BEGIN
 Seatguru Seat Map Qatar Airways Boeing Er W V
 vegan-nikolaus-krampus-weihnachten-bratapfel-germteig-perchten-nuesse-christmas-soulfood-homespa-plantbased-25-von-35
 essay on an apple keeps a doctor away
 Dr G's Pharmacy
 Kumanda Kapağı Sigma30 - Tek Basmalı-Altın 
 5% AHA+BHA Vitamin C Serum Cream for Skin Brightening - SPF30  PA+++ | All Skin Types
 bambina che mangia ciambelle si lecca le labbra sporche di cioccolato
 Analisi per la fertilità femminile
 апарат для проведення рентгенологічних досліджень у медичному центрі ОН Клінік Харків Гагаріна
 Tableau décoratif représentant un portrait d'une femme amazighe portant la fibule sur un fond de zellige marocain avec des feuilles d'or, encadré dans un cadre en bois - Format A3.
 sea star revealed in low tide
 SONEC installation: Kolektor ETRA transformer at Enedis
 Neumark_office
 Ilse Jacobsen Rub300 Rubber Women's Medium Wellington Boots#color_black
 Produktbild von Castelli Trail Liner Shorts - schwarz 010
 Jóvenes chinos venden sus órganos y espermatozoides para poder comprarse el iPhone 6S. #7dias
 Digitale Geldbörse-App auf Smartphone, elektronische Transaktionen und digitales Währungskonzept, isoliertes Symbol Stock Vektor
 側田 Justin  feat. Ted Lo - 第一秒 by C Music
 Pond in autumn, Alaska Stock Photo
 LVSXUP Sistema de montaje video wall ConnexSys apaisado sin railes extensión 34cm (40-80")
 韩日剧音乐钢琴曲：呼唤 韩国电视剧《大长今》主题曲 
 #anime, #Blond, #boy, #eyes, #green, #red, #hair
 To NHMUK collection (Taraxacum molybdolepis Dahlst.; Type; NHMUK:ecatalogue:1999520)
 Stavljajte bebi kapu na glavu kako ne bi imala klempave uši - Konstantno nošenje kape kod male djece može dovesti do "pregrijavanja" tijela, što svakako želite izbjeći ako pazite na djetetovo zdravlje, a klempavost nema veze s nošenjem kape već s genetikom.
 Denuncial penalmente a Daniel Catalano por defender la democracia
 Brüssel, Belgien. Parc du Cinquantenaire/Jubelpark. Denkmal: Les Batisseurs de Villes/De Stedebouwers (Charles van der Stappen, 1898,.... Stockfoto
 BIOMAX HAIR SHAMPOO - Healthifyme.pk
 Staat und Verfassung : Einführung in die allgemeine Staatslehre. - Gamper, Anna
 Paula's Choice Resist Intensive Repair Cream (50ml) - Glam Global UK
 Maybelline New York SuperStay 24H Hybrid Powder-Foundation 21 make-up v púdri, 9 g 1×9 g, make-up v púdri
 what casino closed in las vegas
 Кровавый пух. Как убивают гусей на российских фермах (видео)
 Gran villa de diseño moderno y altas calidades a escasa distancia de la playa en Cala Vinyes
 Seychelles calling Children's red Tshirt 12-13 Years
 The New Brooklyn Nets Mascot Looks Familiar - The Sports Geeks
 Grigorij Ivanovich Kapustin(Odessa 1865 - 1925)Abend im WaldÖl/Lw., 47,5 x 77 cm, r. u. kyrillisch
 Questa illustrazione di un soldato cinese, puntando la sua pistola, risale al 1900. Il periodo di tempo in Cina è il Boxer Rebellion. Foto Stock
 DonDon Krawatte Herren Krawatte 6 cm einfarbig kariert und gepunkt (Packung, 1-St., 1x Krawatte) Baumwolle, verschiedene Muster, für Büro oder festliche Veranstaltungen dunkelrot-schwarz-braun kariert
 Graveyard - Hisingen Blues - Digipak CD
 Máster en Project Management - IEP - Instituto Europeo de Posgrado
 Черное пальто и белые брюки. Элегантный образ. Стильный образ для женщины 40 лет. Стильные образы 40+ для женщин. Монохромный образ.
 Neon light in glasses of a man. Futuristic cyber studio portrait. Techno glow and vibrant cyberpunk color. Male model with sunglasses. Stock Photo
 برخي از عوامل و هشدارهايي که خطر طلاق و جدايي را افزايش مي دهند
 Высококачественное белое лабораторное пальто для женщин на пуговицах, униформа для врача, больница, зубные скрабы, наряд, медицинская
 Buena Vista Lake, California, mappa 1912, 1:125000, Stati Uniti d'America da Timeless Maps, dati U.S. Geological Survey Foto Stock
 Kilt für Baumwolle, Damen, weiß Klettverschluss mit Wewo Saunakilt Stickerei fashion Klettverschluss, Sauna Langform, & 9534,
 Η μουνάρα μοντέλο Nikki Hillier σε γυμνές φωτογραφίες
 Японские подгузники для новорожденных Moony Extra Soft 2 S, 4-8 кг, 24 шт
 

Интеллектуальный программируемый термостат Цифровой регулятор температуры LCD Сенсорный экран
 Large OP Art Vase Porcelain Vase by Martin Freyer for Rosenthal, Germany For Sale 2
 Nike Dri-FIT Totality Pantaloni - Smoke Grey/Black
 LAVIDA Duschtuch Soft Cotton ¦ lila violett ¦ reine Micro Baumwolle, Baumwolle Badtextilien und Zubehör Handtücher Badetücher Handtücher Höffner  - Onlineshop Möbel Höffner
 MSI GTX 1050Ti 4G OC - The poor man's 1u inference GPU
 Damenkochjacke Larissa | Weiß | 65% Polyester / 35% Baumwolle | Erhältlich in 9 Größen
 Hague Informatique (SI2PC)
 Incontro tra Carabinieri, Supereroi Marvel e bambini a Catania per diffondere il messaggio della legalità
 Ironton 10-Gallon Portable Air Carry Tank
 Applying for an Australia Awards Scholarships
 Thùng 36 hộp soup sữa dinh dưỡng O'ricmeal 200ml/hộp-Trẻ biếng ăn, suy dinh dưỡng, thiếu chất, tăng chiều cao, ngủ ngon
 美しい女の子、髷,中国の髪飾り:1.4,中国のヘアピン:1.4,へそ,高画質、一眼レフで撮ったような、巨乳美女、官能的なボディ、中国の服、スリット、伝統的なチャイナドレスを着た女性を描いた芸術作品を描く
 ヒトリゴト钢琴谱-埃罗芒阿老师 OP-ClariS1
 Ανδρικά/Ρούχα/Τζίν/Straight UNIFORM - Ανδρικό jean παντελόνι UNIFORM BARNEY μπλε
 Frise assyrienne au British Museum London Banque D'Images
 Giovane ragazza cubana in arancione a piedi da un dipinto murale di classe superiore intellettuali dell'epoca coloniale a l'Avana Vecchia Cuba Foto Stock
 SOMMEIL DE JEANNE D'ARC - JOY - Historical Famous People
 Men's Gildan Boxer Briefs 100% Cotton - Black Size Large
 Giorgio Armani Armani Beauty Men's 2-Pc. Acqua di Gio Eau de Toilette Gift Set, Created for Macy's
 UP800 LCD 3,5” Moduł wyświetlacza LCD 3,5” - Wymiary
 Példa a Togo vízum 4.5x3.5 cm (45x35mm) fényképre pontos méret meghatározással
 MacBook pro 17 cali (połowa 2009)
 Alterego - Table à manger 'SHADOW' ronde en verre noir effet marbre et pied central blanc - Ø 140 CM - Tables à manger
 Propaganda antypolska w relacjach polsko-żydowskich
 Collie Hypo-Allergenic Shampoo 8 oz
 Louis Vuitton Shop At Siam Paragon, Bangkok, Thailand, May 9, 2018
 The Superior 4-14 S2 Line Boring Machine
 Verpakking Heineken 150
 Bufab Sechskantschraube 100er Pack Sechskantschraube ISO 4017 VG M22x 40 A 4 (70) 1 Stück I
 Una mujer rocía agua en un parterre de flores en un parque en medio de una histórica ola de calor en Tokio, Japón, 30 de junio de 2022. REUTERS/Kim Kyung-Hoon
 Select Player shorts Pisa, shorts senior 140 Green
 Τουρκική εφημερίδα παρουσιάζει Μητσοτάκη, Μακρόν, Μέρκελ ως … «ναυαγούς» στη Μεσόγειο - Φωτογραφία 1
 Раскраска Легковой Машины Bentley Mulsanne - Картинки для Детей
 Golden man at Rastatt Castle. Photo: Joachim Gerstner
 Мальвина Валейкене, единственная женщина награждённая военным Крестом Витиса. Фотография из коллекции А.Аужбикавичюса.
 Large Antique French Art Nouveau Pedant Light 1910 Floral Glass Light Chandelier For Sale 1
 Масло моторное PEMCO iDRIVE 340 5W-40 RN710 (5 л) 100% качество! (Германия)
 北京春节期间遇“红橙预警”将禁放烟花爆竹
END
Retype the listing above, word for word, from its first line to the line containing "Tableau décoratif représentant", both ends included.

 Seatguru Seat Map Qatar Airways Boeing Er W V
 vegan-nikolaus-krampus-weihnachten-bratapfel-germteig-perchten-nuesse-christmas-soulfood-homespa-plantbased-25-von-35
 essay on an apple keeps a doctor away
 Dr G's Pharmacy
 Kumanda Kapağı Sigma30 - Tek Basmalı-Altın 
 5% AHA+BHA Vitamin C Serum Cream for Skin Brightening - SPF30  PA+++ | All Skin Types
 bambina che mangia ciambelle si lecca le labbra sporche di cioccolato
 Analisi per la fertilità femminile
 апарат для проведення рентгенологічних досліджень у медичному центрі ОН Клінік Харків Гагаріна
 Tableau décoratif représentant un portrait d'une femme amazighe portant la fibule sur un fond de zellige marocain avec des feuilles d'or, encadré dans un cadre en bois - Format A3.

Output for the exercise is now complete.